In the wake of American Pharoah’s stunning wire-to-wire Triple Crown-clinching victory at the Belmont Stakes on Saturday, I compared him to Secretariat, finding that — despite having one of the finest Triple Crown campaigns ever — American Pharoah still likely would have finished the Belmont well behind his great-great-great-grandfather. Some readers seem to think this was a cheap shot at the slump-busting champion, although you’d think being called second-best to a mutant horse sent from the future would be considered high praise.

Secretariat’s 2:24 Belmont time is safe; no other horse has run under 2:26 (even that is about 10 lengths behind Secretariat). Oh, and he still owns the Kentucky Derby and Preakness Stakes records by two to three lengths each. It has been over four decades, and great horses still can’t come close.

But what do we make of this? How is it that even the best horse this era has to offer — with a stride so smooth that it borders on poetic — would still finish 13 lengths behind Big Red?

Clearly, it’s that Secretariat is overrated.

OK, exhale. I’m not trolling you. I’m just being extremely nitty about the marginal shades of “really, really great.” By “overrated,” I certainly don’t mean to imply that Secretariat isn’t the best 3-year-old American racehorse in history — he is. Or that his Belmont run wasn’t one of the most dazzling moments in sports history (I practically sleep with this footage of it under my pillow). I mean simply that one of the key selling points of his unfathomable greatness is slightly undermined by its broader context. Specifically, that his records — did I mention it has been over 40 years? — have lasted so long in part because the quality of thoroughbred racing has plateaued and perhaps even weakened.

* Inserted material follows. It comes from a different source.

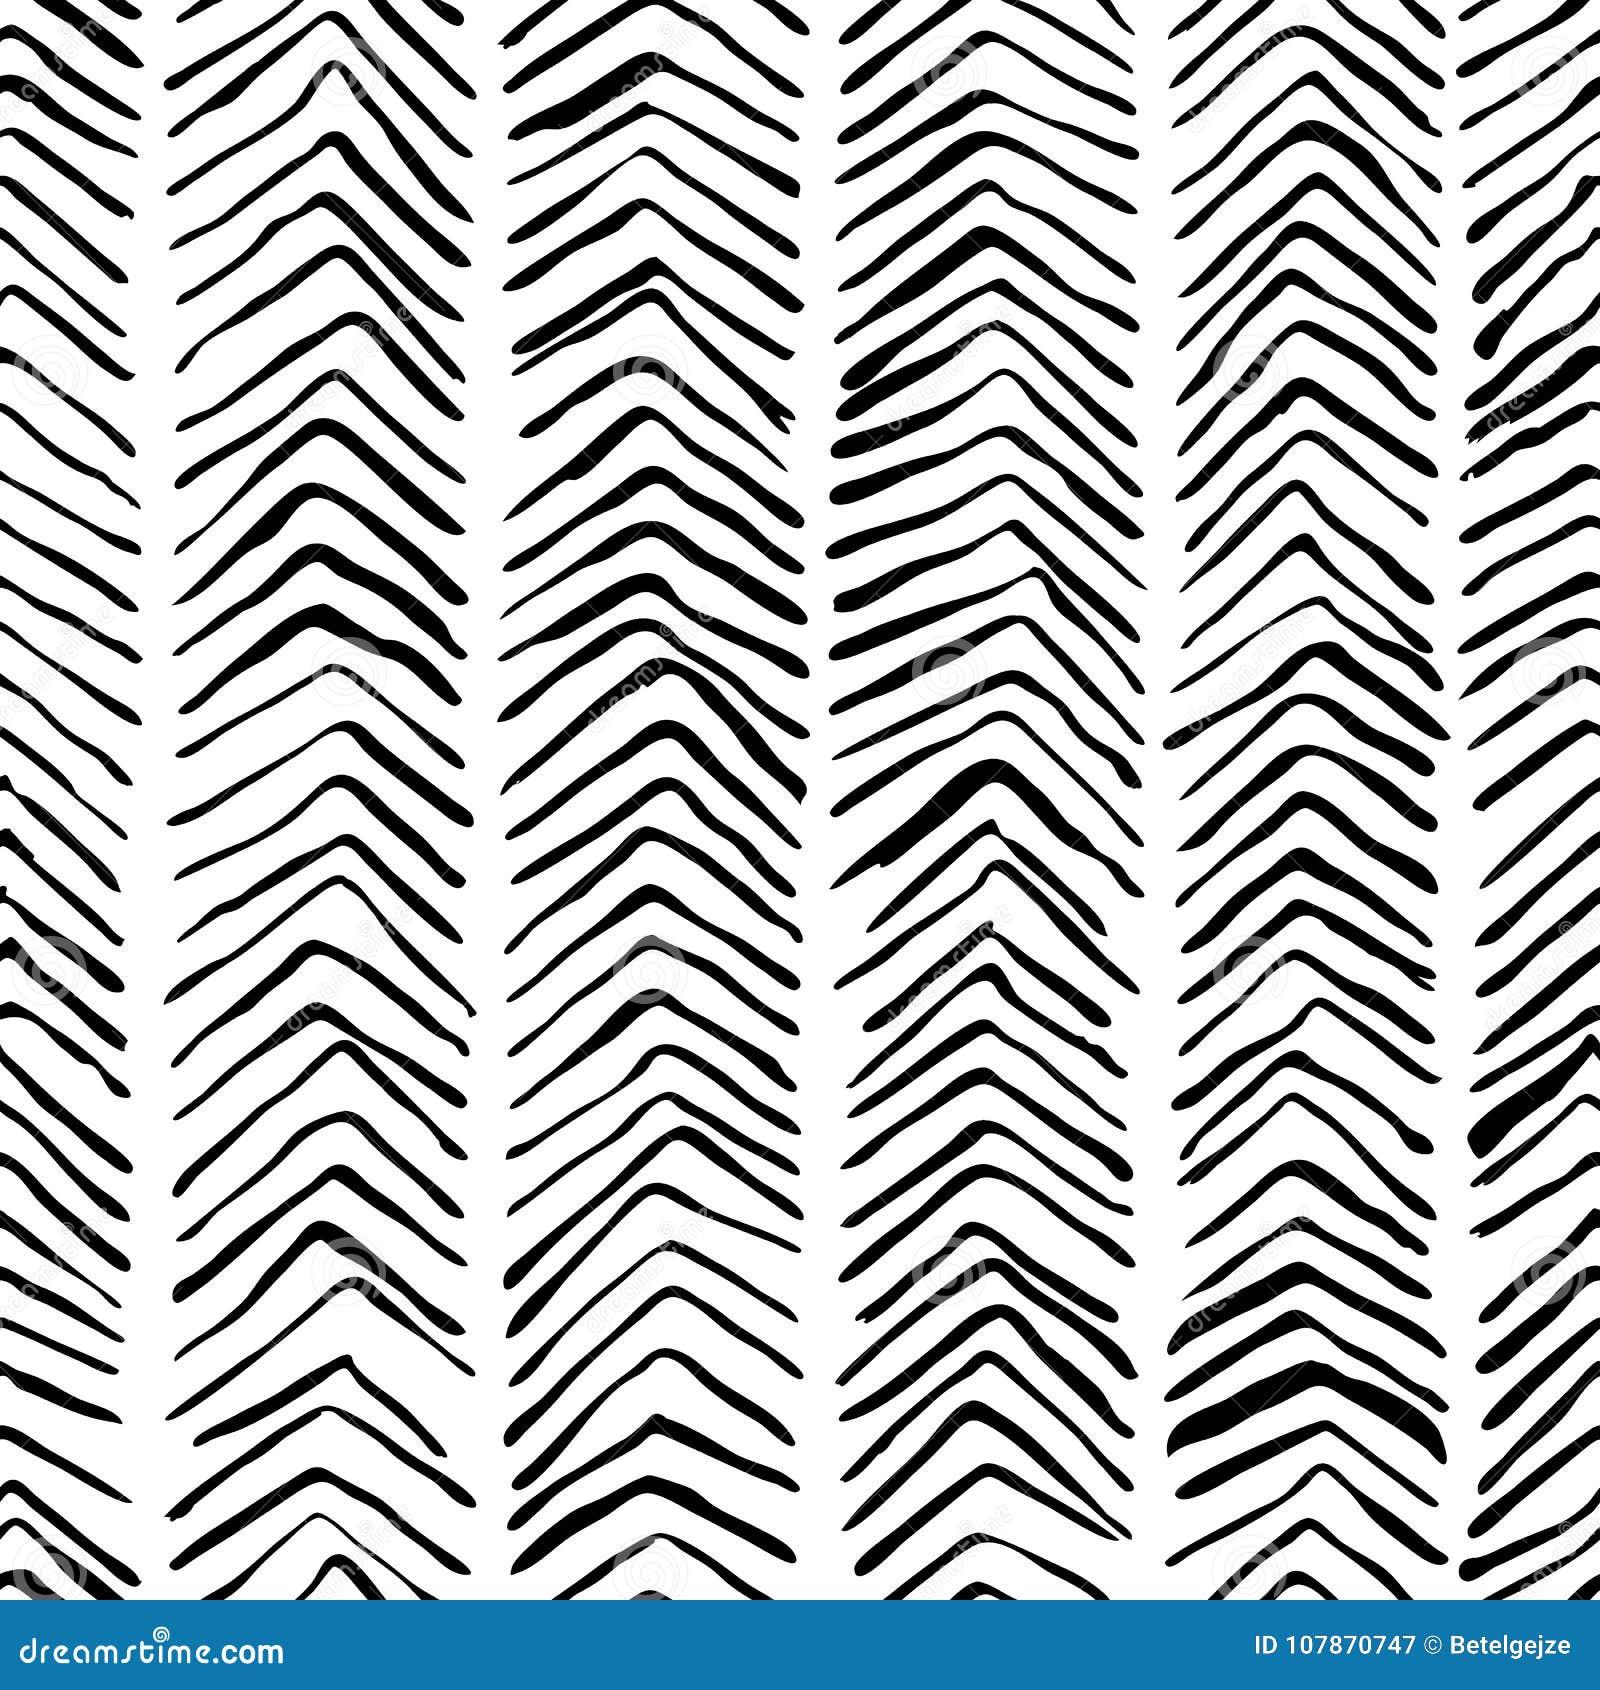 Vector Black White Herringbone Seamless Pattern Watercolor Ink Background Scandinavian Design Fashion Textile Print Stock Vector Illustration Of Hand Cover 107870747

To illustrate, I’ve charted all the winning times for Triple Crown races at Pimlico, Churchill Downs and Belmont Park (excluding races that were held at alternative venues) over 9.5, 10 or 12 furlongs (the current distances of the Preakness, Derby and Belmont, respectively).1 I’ve marked the trend for the winning times for each distance as of Secretariat’s Triple Crown in 1973 (dashed line) and record progression for each distance (solid line). Winning times for all three distances improved fairly steadily through 1973 but have been trending slightly slower since then:

morris-feature-secretariat-1

It’s as if God saw the perfect race and thought, “OK, I’m done with horses.”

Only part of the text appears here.